Awe for your inner child or the child in your life.
Skills for you and your older kids.

Our material is multi-generational, appropriate for different ages. It is also intergenerational, meaning stimulating interaction and learning between generations, for example between kids and a parent, grandparent, or teacher (The European Network of Intergenerational Learning defines this as: “A learning partnership based on reciprocity and mutuality involving people of different ages where the generations work together to gain skills, values and knowledge”.) That is our vision. 

Beyond just appealing to separate age groups, we expect the highest payoff when children and adults explore our materials together. When kids see adults engaged and adults see kids engaged, inter-generational learning occurs.

All our games and models are low threshold but high ceiling. Low threshold means very young kids feel the awe of nature’s patterns, and have fun with the games and activities. High ceiling means offering near endless potential for exploration and extension. The sky is the limit to what you can do. The phenomena we explore, animal predation, peer pressure, patterns in leaves and trees, hexagon bubbles, honeycombs, appeal to young kids, but show complexity that continue to challenge even professors. Nature’s patterns have an appeal to all ages, endlessly challenging any curious observer. While human societies have tended to artificially divide curricula into different age-groups and different subjects, nature’s patterns offer a seamless whole that we exploit. With fun life pattern games and technology, we can offer models that cross subject boundaries and appeal to all ages. By revealing the simple rules underlying nature’s patterns, we can take joy in simplifying what otherwise would seem complex.

Over the years, we added more outdoor activities and stories to make patterns more accessible to all ages.
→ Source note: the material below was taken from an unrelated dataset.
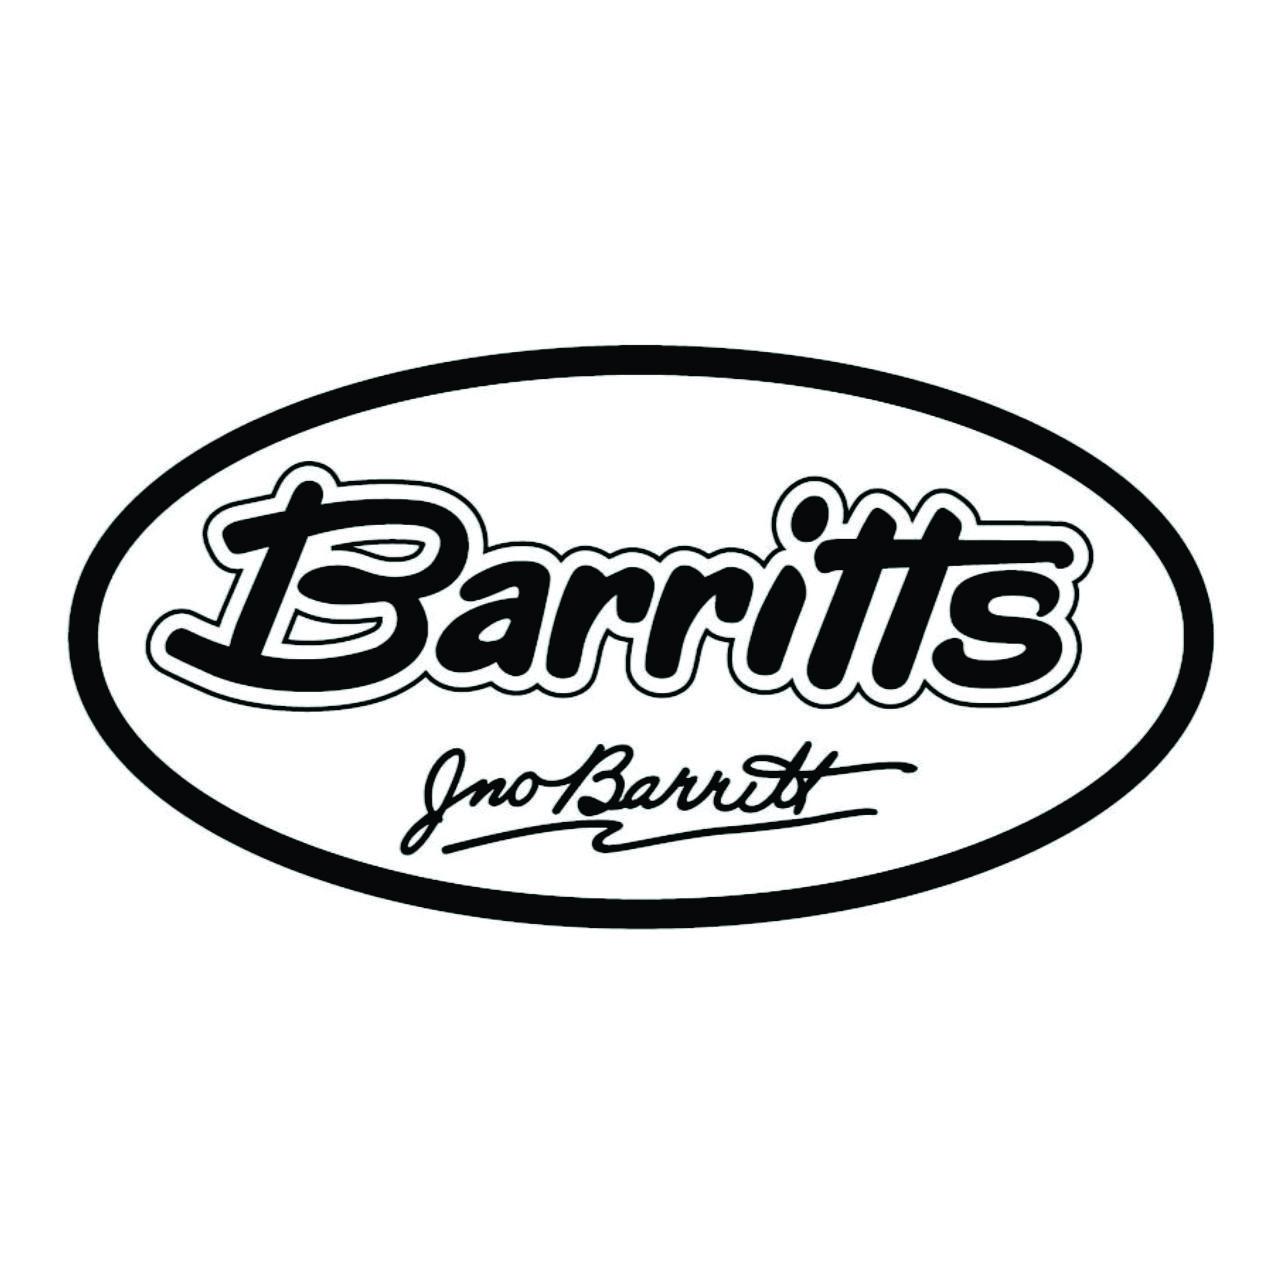 Barritts

Yet the activities and stories would bore no age group. If you wish to skip and activity, you can go right to the code or games. We submitted four of the cardboard games to many rounds of professional play testing to be sure they were fun, strategically interesting, and clear. The cardboard games have rules simple enough for young kids to play with adults, but the games (except the Mountainkin card game) have strategic potential challenging to any age group. 
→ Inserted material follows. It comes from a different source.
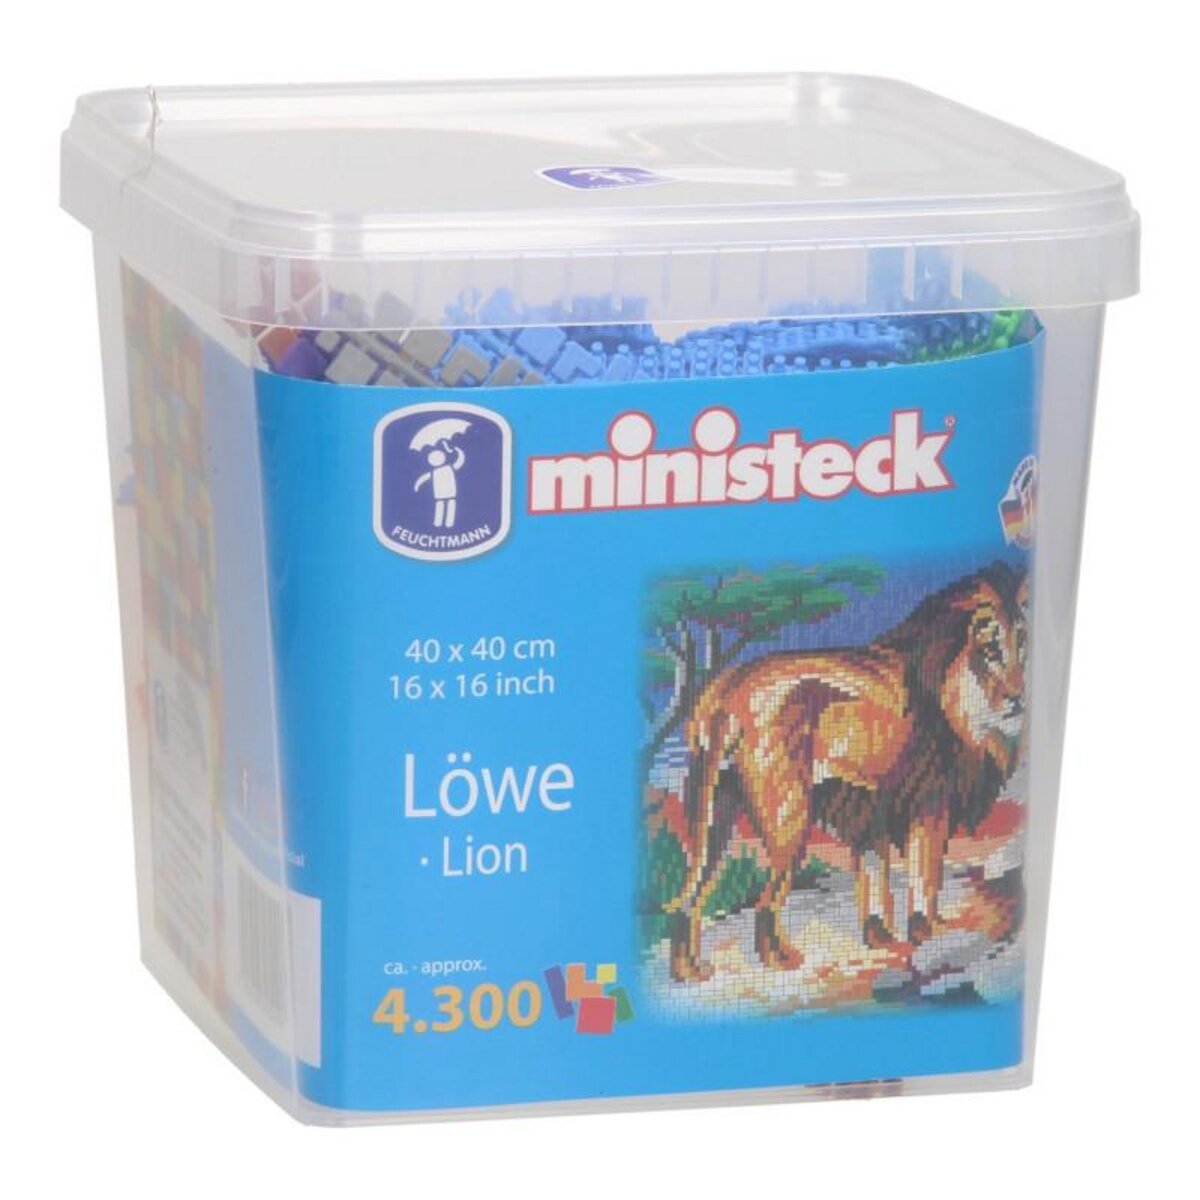 MINISTECK Ministeck Lion XXL Bucket, 4400 pcs.

Can my five year old learn from this?

Our games and storybooks are fun for parent-child interaction. Our pattern awareness activities and Scratch exercises work well for kids as young as five. Actually, we first developed the activities with our three year old daughter. Our three year old loves the leaf rubbings, seeing the bubbles we blow turn into hexagons, beehive patterns with cardboard, two of our storybooks that go with the games, the Scratch story animations. She knows how to run the Scratch animations on the computer, and start the robot programs. She plays with the cardboard games but, as of age three, doesn’t get into the rules. Yet we have seen four and five year old kids enjoy the games with their families.  Mountainkin card game works for even two kids aged four or five, as does the accompanying Scratch program. Little Tip and Tolerance board games are clearly fun for five year olds to play with their family. The spiral coloring book works for any age, as do all our movies and Scratch programs, and most NetLogo programs. By the time your five year old plays with all the subscription boxes for year one, she or he will be six, and be ready for more advanced subscription boxes in the next year.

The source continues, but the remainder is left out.